- Opening Delimiter -

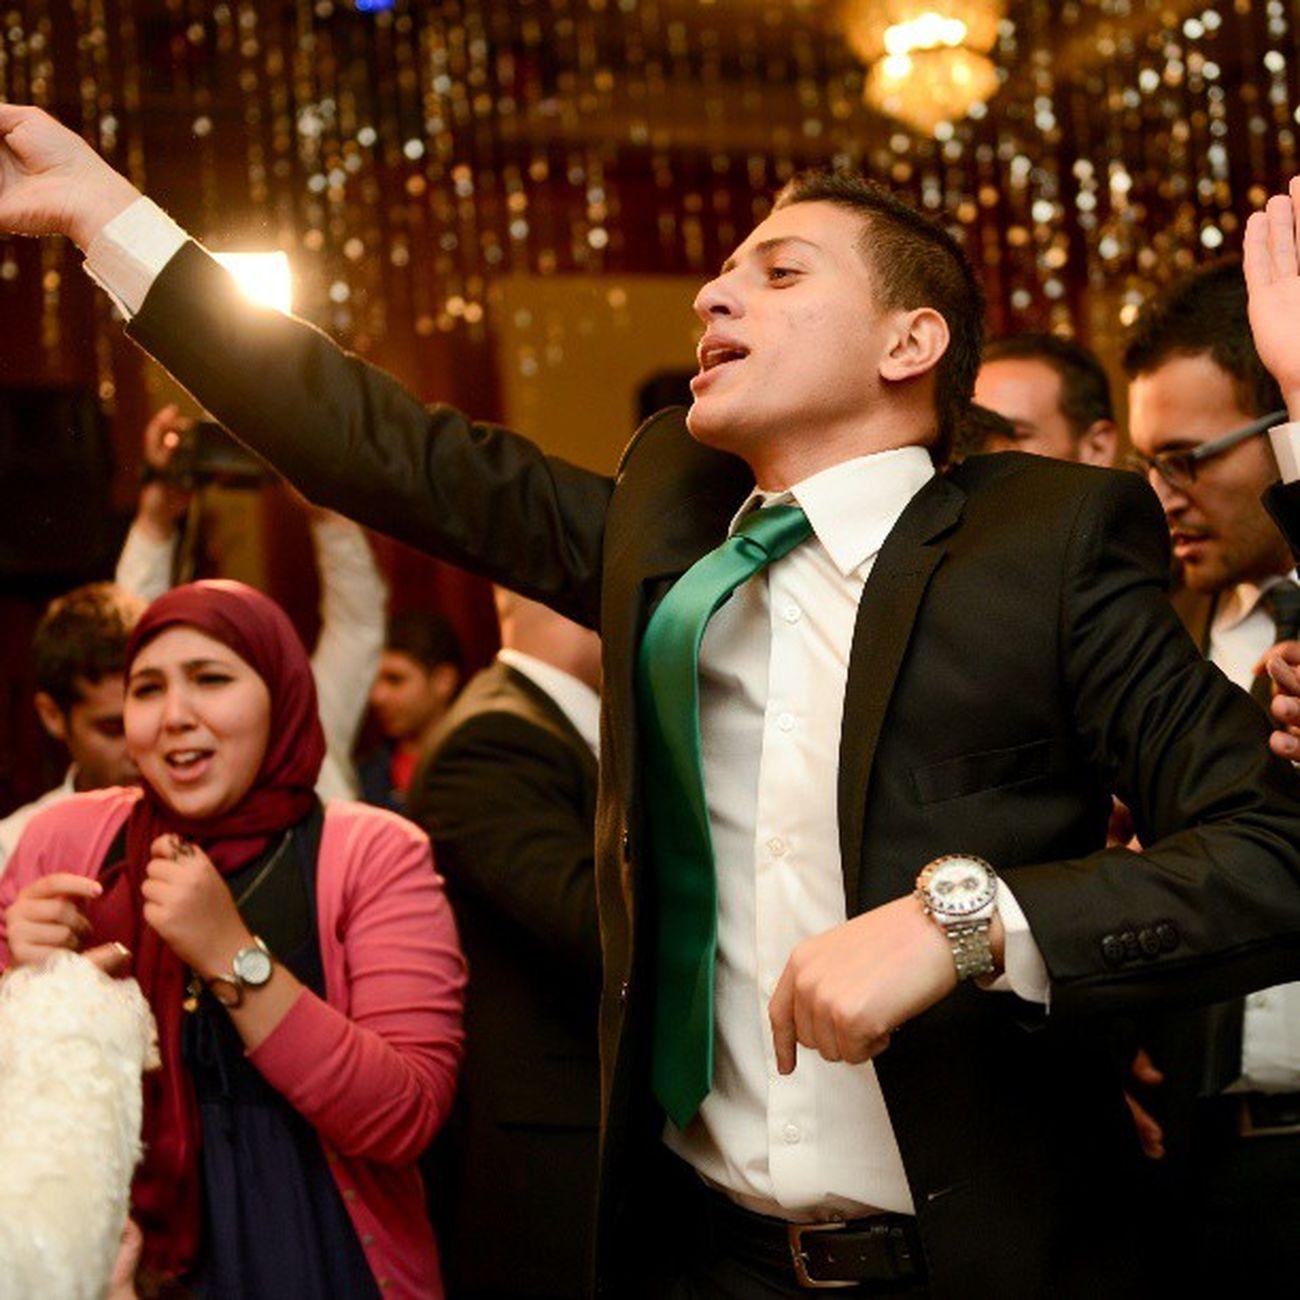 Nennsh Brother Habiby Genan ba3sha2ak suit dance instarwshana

- Closing Delimiter -
- Opening Delimiter -

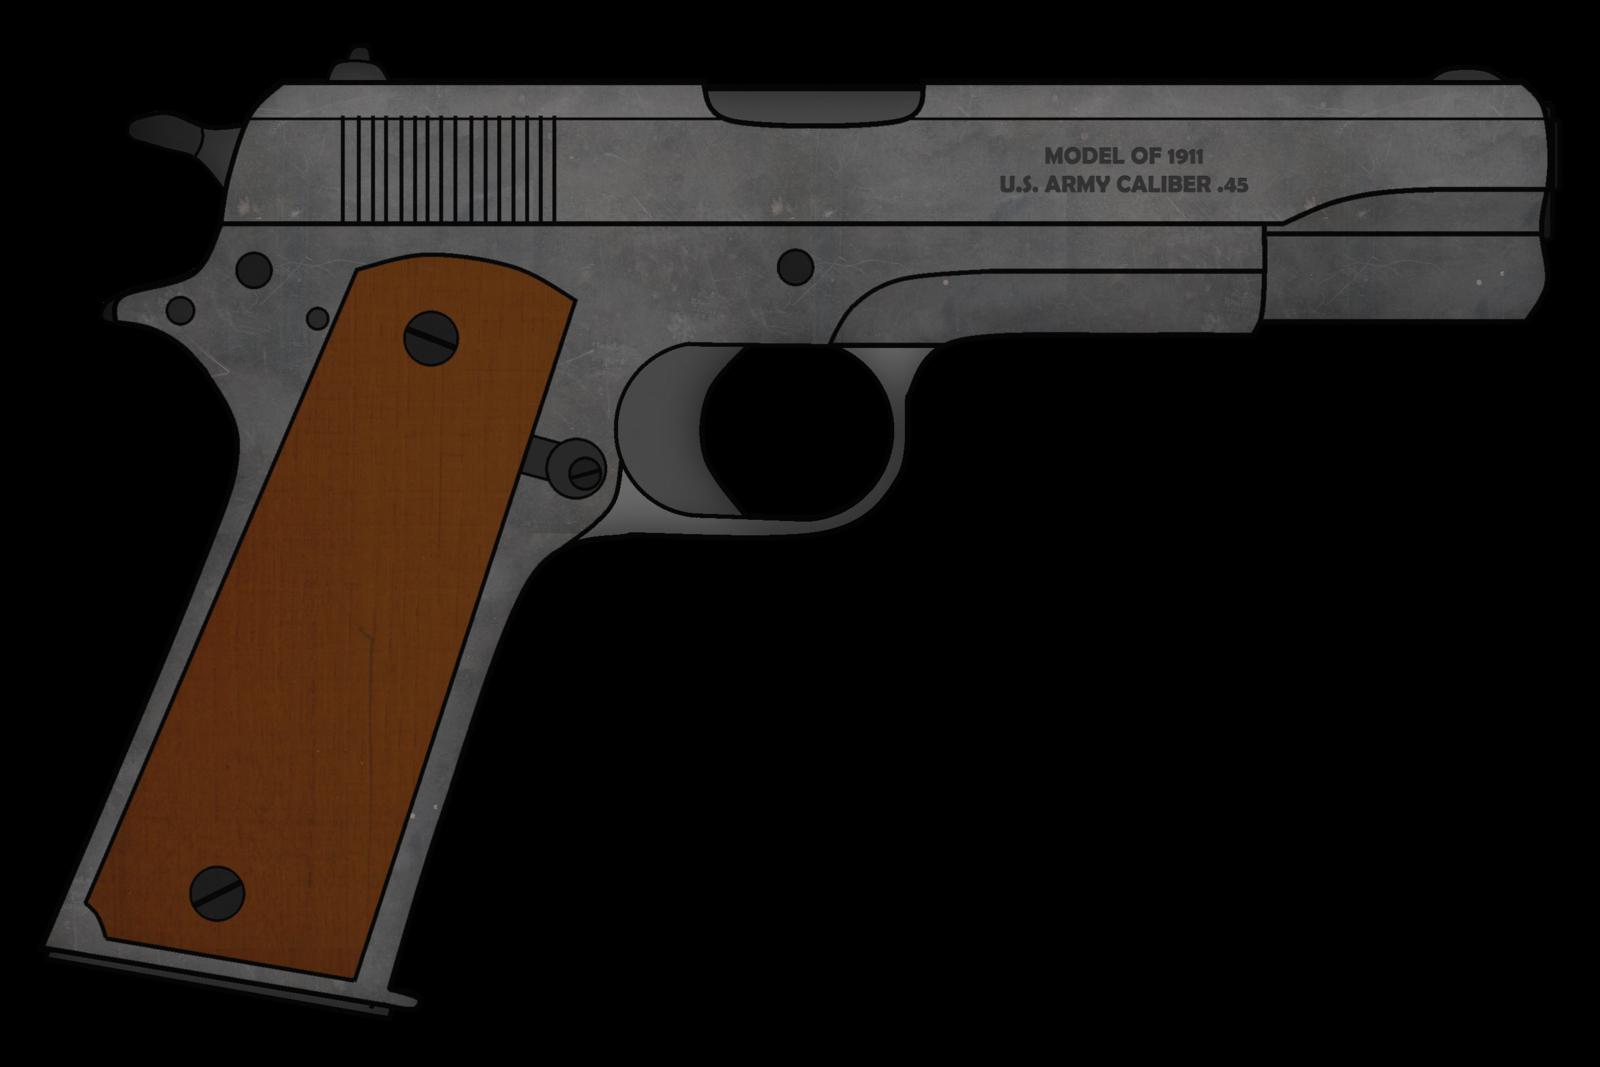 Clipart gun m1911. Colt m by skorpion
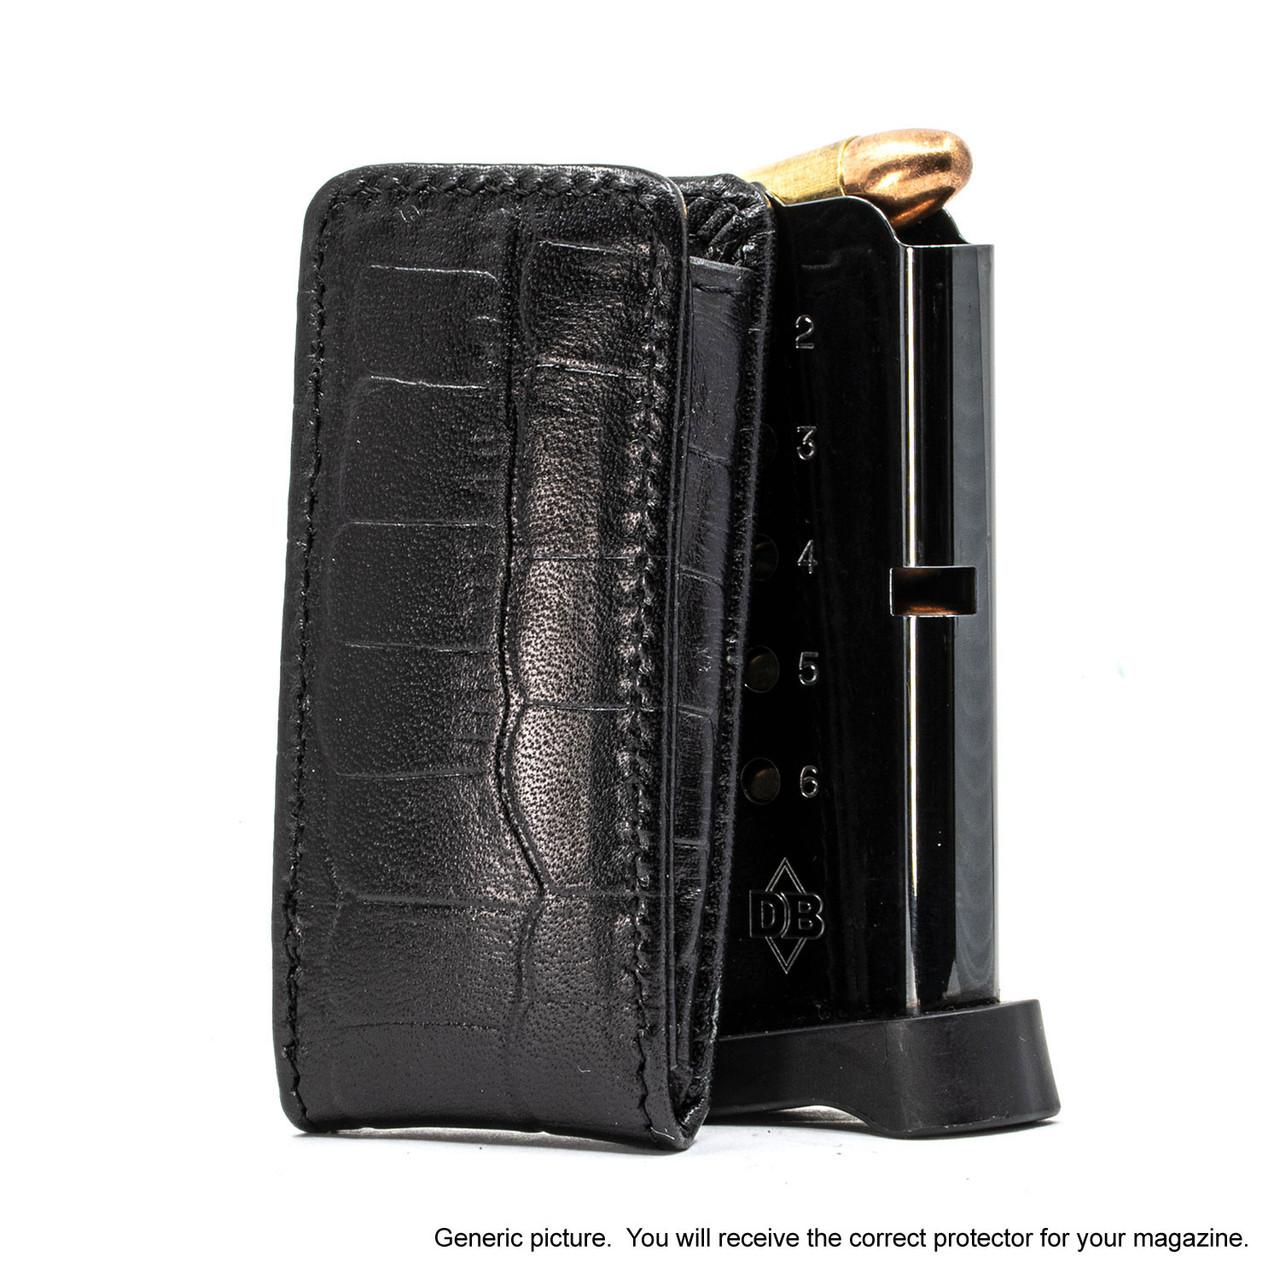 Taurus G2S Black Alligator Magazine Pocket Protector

- Closing Delimiter -
- Opening Delimiter -

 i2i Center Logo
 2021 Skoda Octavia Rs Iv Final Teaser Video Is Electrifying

- Closing Delimiter -

* Instructions to follow *
Give only the lines from the one holding "i2i Center Logo" through the one holding "2021 Skoda Octavia", each restated exactly as it appears above.

* Task response *
 i2i Center Logo
 2021 Skoda Octavia Rs Iv Final Teaser Video Is Electrifying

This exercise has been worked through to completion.